_WORK REQUIRED:_
Everything from the line containing "Illustration of an" through the final line of the records must be transcribed verbatim; nothing else belongs in the result.

-=-=-

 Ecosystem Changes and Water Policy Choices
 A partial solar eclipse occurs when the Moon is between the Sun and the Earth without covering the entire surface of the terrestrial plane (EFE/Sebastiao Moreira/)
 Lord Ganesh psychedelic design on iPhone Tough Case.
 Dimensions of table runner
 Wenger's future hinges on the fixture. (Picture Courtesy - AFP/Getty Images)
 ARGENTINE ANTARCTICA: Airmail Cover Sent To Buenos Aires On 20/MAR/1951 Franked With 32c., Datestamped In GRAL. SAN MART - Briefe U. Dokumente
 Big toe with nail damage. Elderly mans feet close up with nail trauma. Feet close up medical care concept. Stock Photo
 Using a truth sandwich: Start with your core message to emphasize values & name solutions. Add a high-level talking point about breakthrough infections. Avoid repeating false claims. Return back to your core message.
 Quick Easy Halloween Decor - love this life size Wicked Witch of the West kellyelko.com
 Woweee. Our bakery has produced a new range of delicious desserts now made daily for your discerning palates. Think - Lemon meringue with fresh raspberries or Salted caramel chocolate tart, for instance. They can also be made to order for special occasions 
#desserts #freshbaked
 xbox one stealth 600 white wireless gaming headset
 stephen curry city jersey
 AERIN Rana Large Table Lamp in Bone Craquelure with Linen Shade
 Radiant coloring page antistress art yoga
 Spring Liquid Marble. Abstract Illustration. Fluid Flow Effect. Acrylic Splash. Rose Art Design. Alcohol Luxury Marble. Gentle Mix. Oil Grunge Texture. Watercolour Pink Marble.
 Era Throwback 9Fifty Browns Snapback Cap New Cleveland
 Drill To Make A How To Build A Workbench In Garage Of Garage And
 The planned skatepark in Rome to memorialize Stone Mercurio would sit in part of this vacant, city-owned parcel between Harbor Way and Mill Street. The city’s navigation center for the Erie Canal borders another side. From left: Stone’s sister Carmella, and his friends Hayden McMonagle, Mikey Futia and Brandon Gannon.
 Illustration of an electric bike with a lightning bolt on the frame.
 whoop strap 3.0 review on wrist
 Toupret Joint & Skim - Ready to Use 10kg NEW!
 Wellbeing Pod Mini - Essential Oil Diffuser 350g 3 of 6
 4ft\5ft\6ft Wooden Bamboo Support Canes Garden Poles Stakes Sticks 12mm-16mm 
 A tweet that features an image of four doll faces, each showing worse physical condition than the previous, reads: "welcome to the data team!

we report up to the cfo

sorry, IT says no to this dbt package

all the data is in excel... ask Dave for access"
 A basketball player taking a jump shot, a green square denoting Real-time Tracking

-=-=-

_ANSWER BOX:_
 Illustration of an electric bike with a lightning bolt on the frame.
 whoop strap 3.0 review on wrist
 Toupret Joint & Skim - Ready to Use 10kg NEW!
 Wellbeing Pod Mini - Essential Oil Diffuser 350g 3 of 6
 4ft\5ft\6ft Wooden Bamboo Support Canes Garden Poles Stakes Sticks 12mm-16mm 
 A tweet that features an image of four doll faces, each showing worse physical condition than the previous, reads: "welcome to the data team!

we report up to the cfo

sorry, IT says no to this dbt package

all the data is in excel... ask Dave for access"
 A basketball player taking a jump shot, a green square denoting Real-time Tracking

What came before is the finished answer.